What Marketing Ops Should Prove in Private Preview
Private Preview is where B2B teams should resist the demo narrative and ask for measurable operating proof.
- Identity proof: Ask how Agentic Identity Resolution handles conflicting records, stale fields, household or account-level merges, and human override. If the matching logic is not explainable, the activation layer inherits risk.
- Consent and suppression proof: Test whether the agent respects regional consent, channel opt-outs, account exclusions, and sales-owned suppression lists before it recommends any audience.
- Activation proof: Map which destinations receive the decision and how quickly performance data returns. A lakehouse-native CDP still fails if activation feedback takes too long to improve the next action.
- Marketer autonomy proof: Measure how many campaign changes a marketer can make without a data engineer. If every prompt creates a data-ticket queue, the CDP moved but the bottleneck did not.
The closest internal comparison is Salesforce Agentforce Marketing, where the real issue is permission scope rather than email drafting. CustomerLake turns the same question toward the customer data layer: which agents can touch identity, audiences, and activation, and who audits the result?

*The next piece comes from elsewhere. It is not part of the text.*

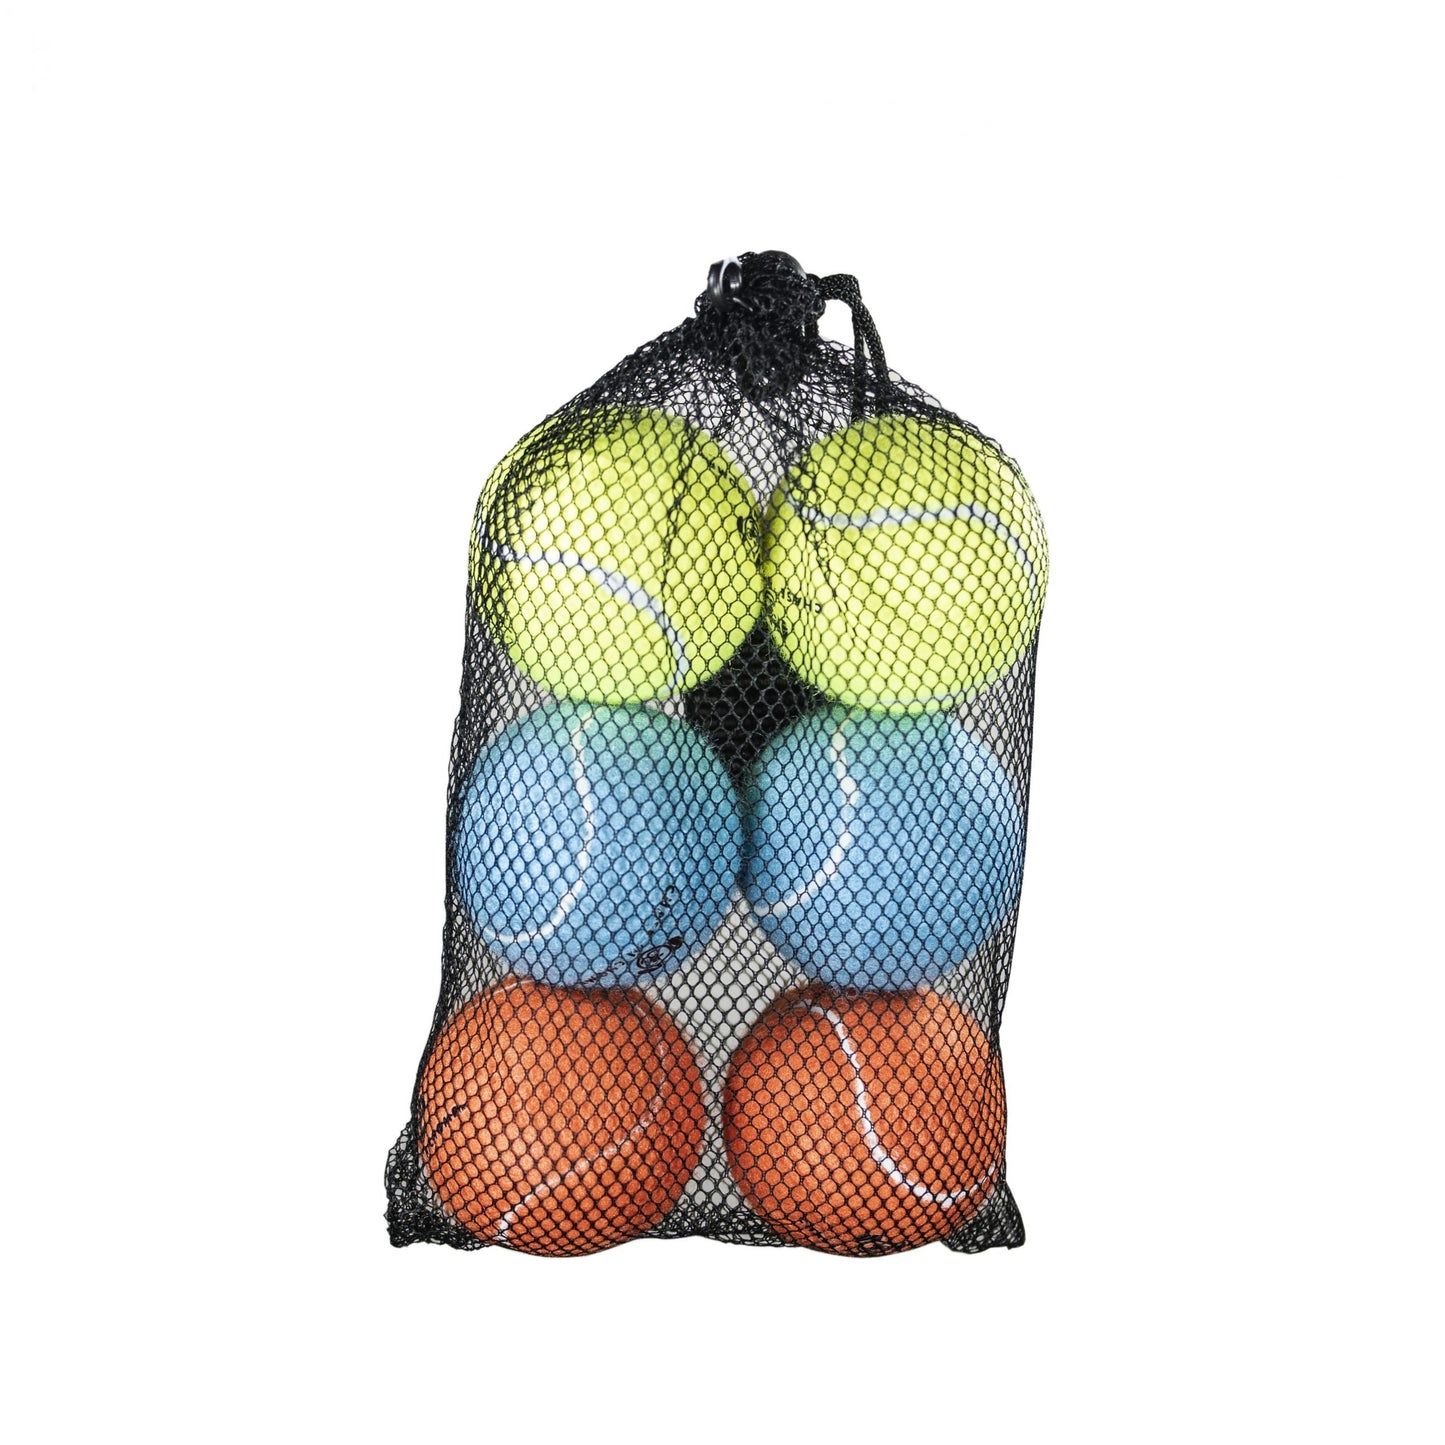 Tennis ball pack for dogs

Databricks has a credible wedge because many enterprises already trust it as the governed data platform. But a trusted data platform is not automatically a trusted marketing operating layer. CustomerLake will win B2B marketing attention only if Private Preview customers can show faster activation, fewer duplicated records, cleaner governance, and fewer data-team handoffs in the same quarter.
Frequently Asked Questions
Databricks CustomerLake is an agentic customer data platform built natively inside Databricks. It combines Customer 360, identity resolution, audience building, campaign automation, activation, personalization, governance, and agent workflows in the lakehouse environment.
Databricks announced CustomerLake on June 16, 2026 at Data + AI Summit. The product is available in Private Preview, with HP, Circle K, AB InBev, and Getnet by Santander named as current customers.
Traditional CDPs often copy data into a separate marketing system. CustomerLake keeps the CDP inside the governed Databricks data foundation, then adds Profile Agents and Campaign Agents that can prepare profiles, build audiences, recommend actions, and activate campaigns from that shared context.
Start with identity accuracy, consent and suppression logic, activation latency, marketer autonomy, and audit records. The first proof point should not be whether an agent can build a campaign. It should be whether the agent can act on governed customer data without creating risk or new handoffs.